» **WHAT THIS TASK INVOLVES**:
Give the lines below again, exactly as they stand, and leave out the images.

» **DATASET SECTION**:
-*-
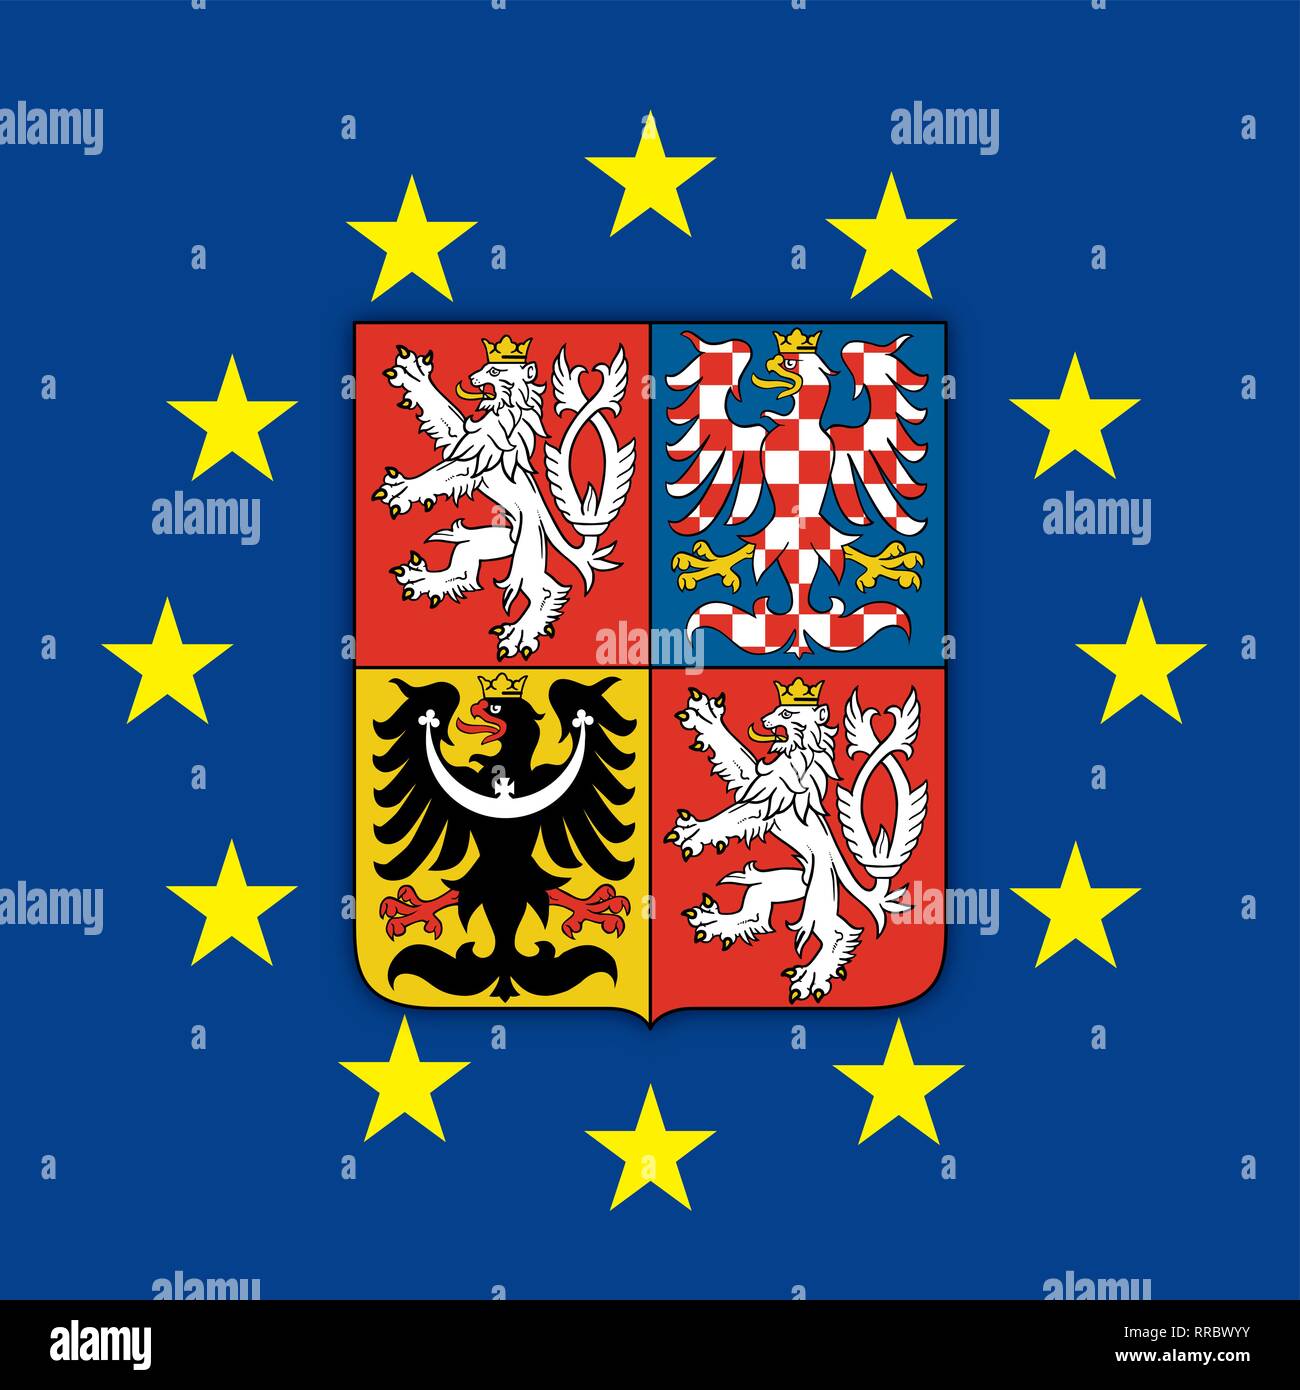 Autriche armoiries sur le drapeau de l'Union européenne, la République tchèque d'illustration vectorielle armoiries sur le drapeau de l'Union européenne, vector illustration Illustration de Vecteur
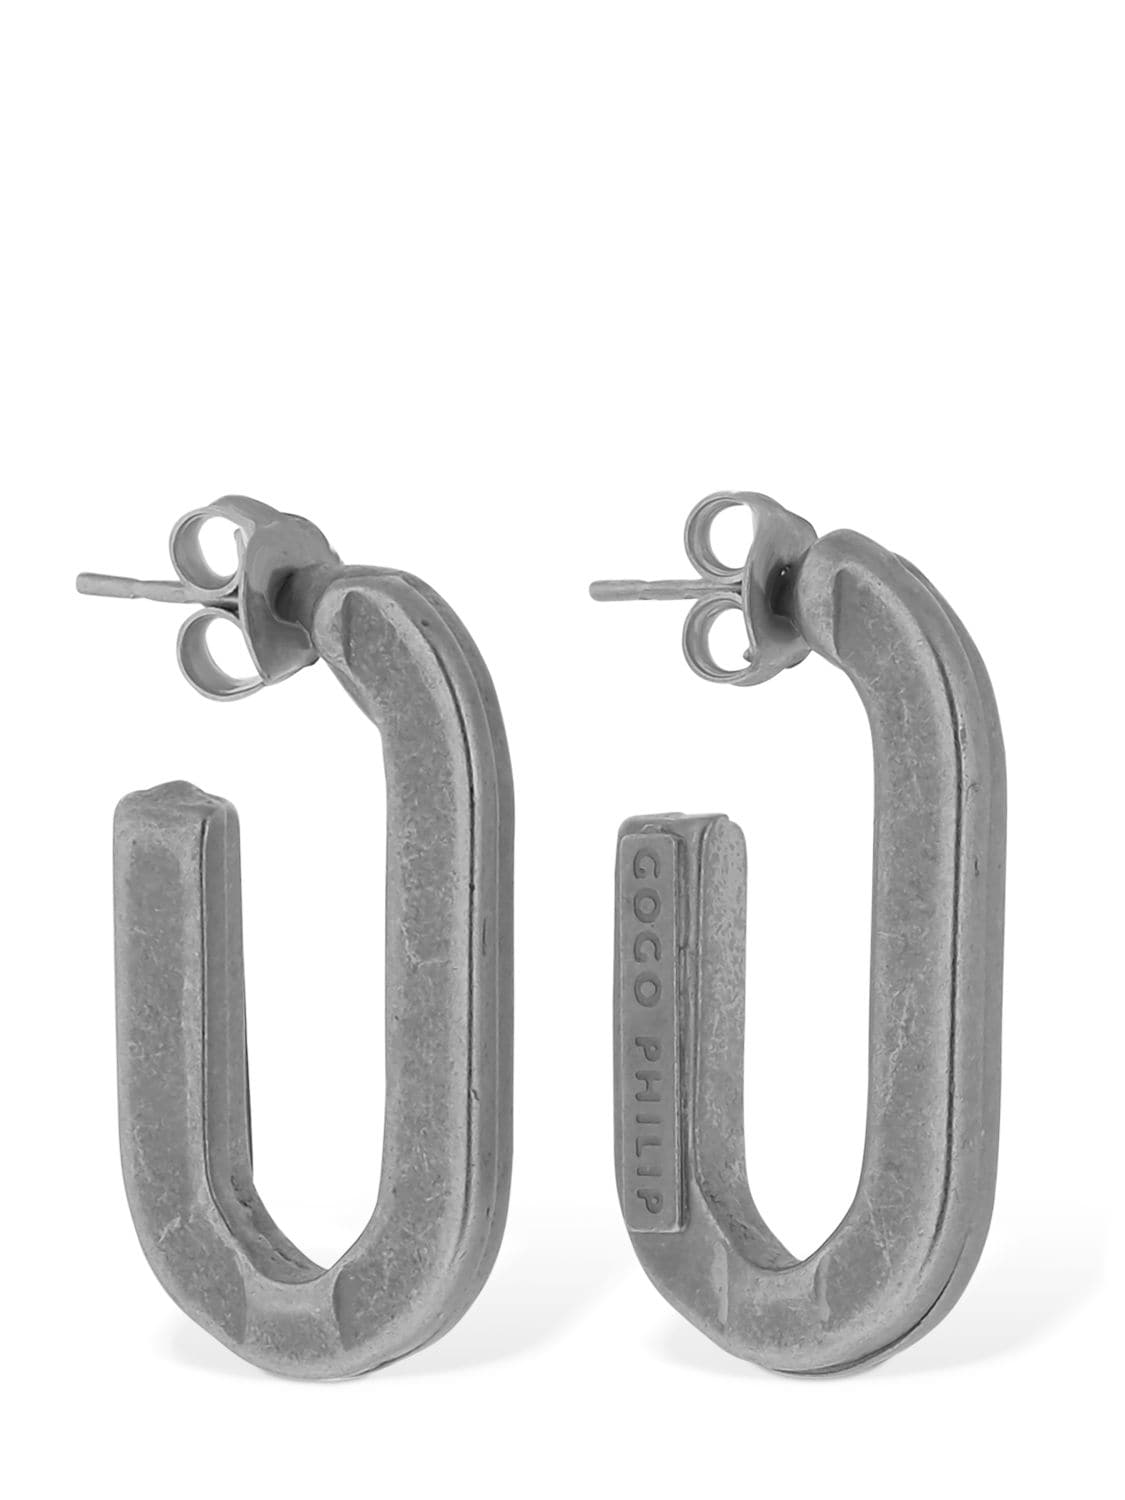 Gogo Philip Studio Ghost Earrings In Silver Matte
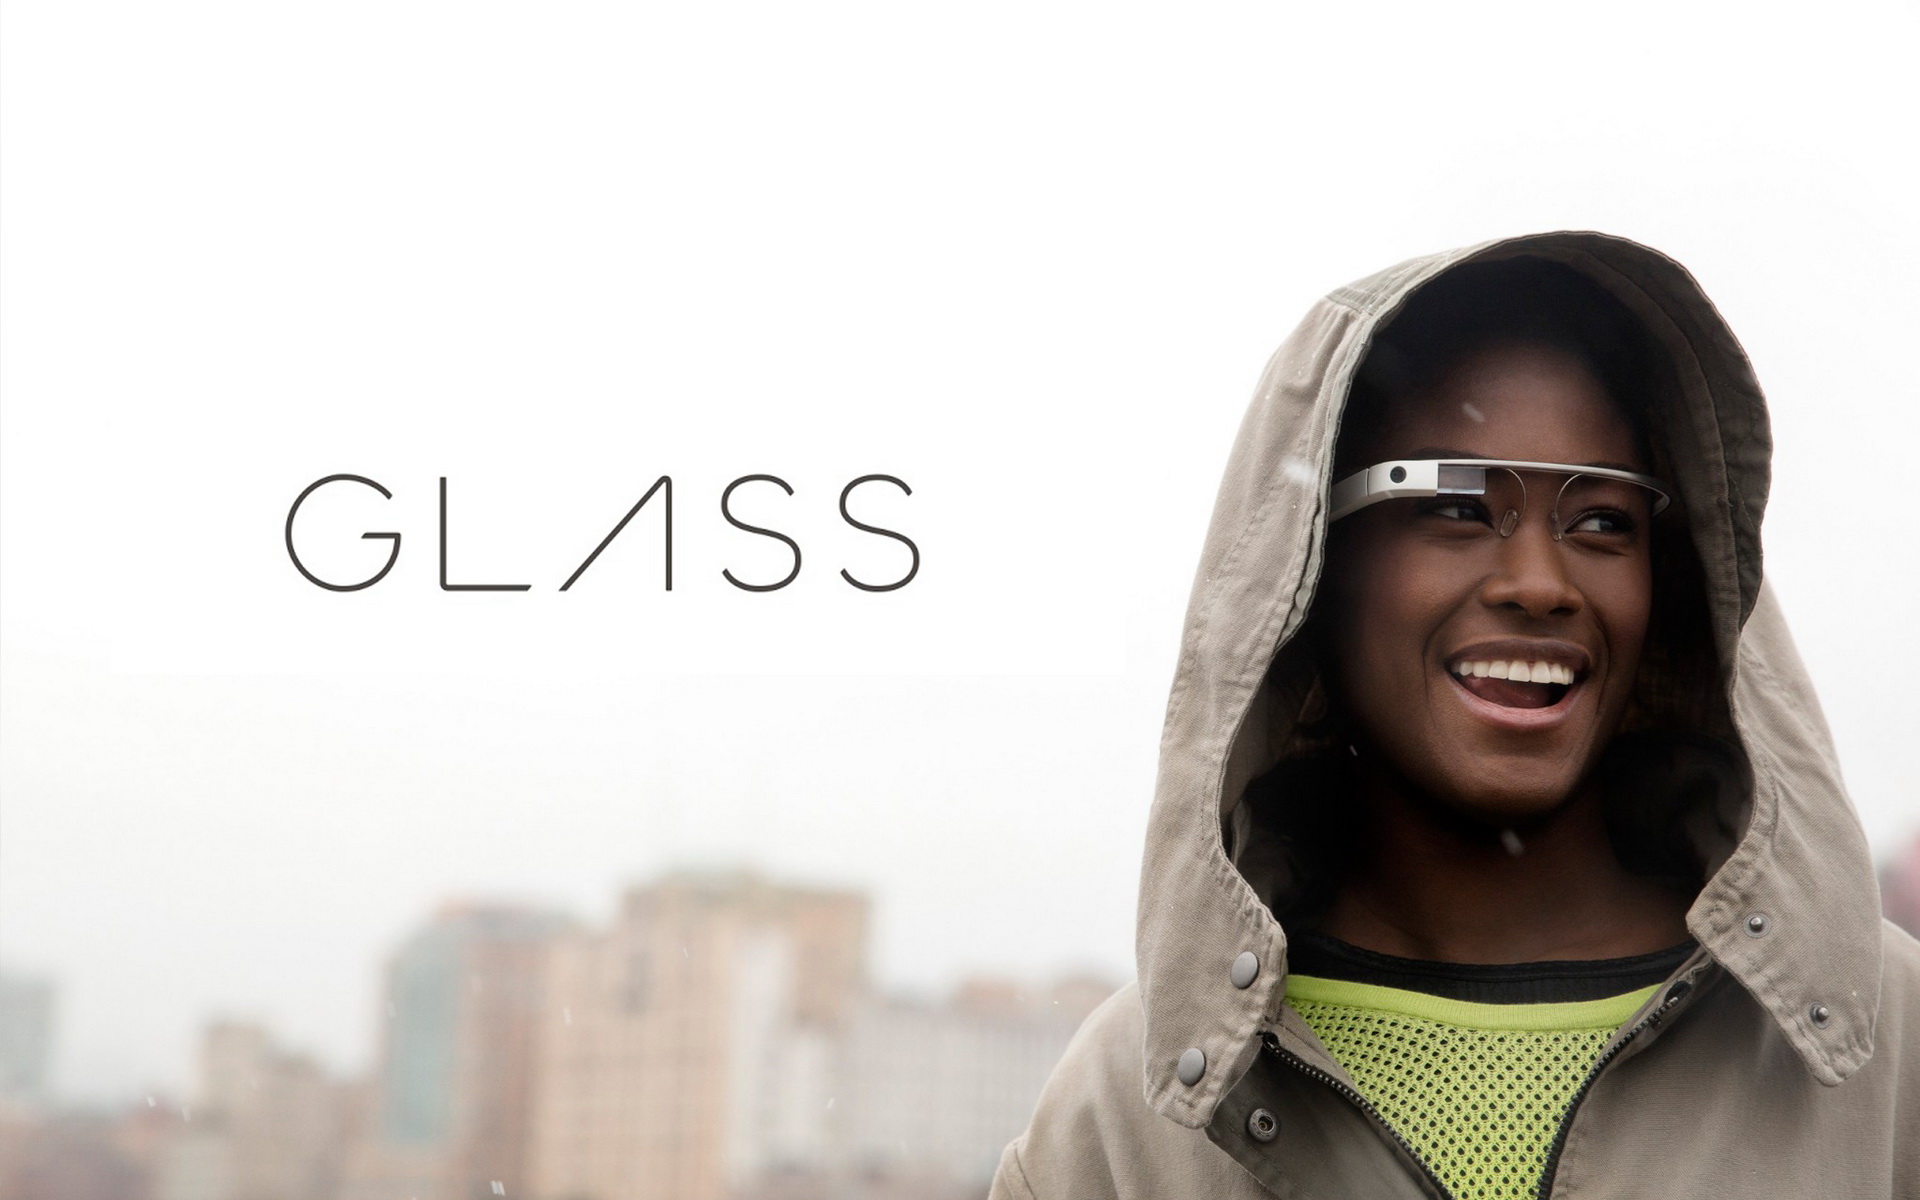 Vnitřnosti Google Glass odhaleny. Jsou podobné telefonu Galaxy Nexus
-*-
» **COMPLETED TASK**:
 Autriche armoiries sur le drapeau de l'Union européenne, la République tchèque d'illustration vectorielle armoiries sur le drapeau de l'Union européenne, vector illustration Illustration de Vecteur
 Gogo Philip Studio Ghost Earrings In Silver Matte
 Vnitřnosti Google Glass odhaleny. Jsou podobné telefonu Galaxy Nexus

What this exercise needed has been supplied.